Смешно и весело, но экзамен сдавать нам, да ещё и в вузы. Пришлось таки пожаловаться нашей классной. Она удивилась, сначала даже не поверила. Но посетив урок, убедилась сама. В результате нам вернули ушедшую на пенсию учительницу. Упросили ее поработать ещё годик. Никому уже не доверяя, мы сами учили физику по учебнику Ландсберга, пренебрегая Перышкиным, высокомерно считая его примитивным. А напрасно.

В институте лекции по физике нам читала преподавательница по фамилии Воробьева. (Имя и отчество я, увы, забыла). Внешне она очень походила на эту милую птичку, маленькая, худенькая с тоненьким голоском. Слушать ее лекции было очень затруднительно, она что-то быстро щебетала себе под нос, повернувшись к аудитории спиной, а лицом к доске, на которой одновременно выводила формулы. В большой аудитории (438, если кто помнит), где находился весь курс, т.е. 125 человек, ее было не видно и не слышно, если учесть, что из этих 125 человек юношей было от силы 10. А девушкам надо было постоянно о чем-то шептаться друг с дружкой.

Как-то преподавательница вошла в аудиторию, мы встали, ее приветствуя. А в это время из-за стенки донеслось: «Здравия желаю товарищ ….» . Там была военная кафедра. Преподавательница, улыбаясь, обратилась к нашей аудитории:
- Вот это приветствие, я понимаю.
Это она сказала зря. Ну как тут смолчать? И откуда-то из глубин послышалось «Здрасьте!»,
потом ещё, и ещё из разных углов. Преподавательница уже начала читать лекцию, а вредные девчонки все не унимались.

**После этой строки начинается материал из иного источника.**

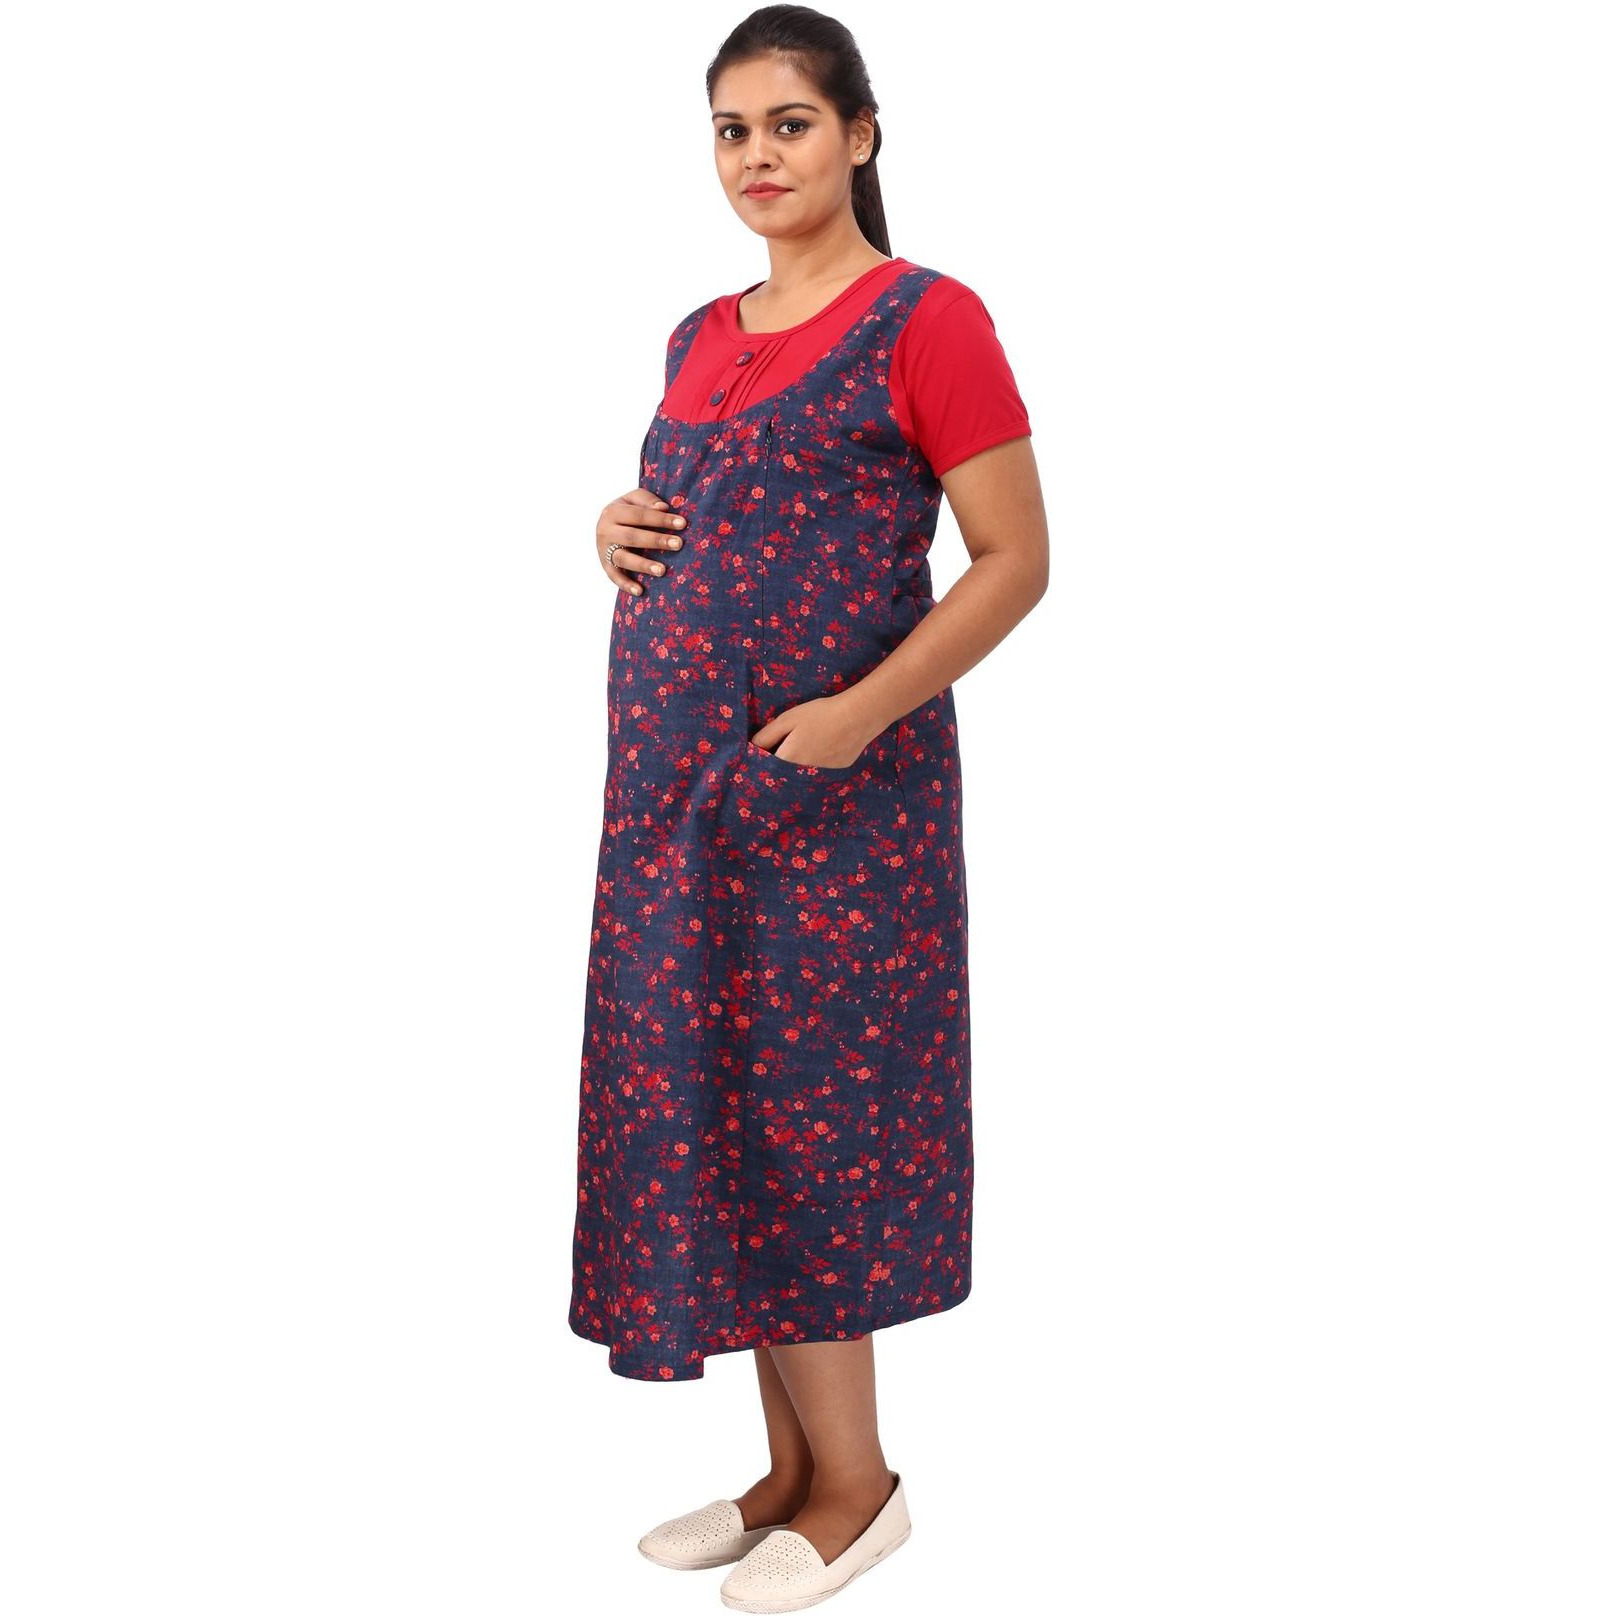 Mamma's Maternity Women's Cotton Red and Blue Maternity Dress (Size:M)

Наконец, она не выдержала:
- Все. Беру свои слова назад. Спасибо за пожелания здоровья, уже достаточно.
И принялась опять щебетать и быстро писать на доске. Ну что ж, спасибо авторам учебника и тем прилежным студентам, кто все-таки ухитрялся записывать ее лекции.
Когда случалось их прогуливать, по разным причинам и предметам, верные друзья записывали лекции под копирку. Иногда отсутствующих друзей набиралось 2-3, тогда записывающему приходилось затрачивать немалые усилия. Некоторые преподаватели сочувственно относились к этому процессу и даже советовали применять отбойные молотки.

К счастью, экзамен по физике принимал зав. кафедрой, оказавшийся веселым, добрым и снисходительным мужчиной.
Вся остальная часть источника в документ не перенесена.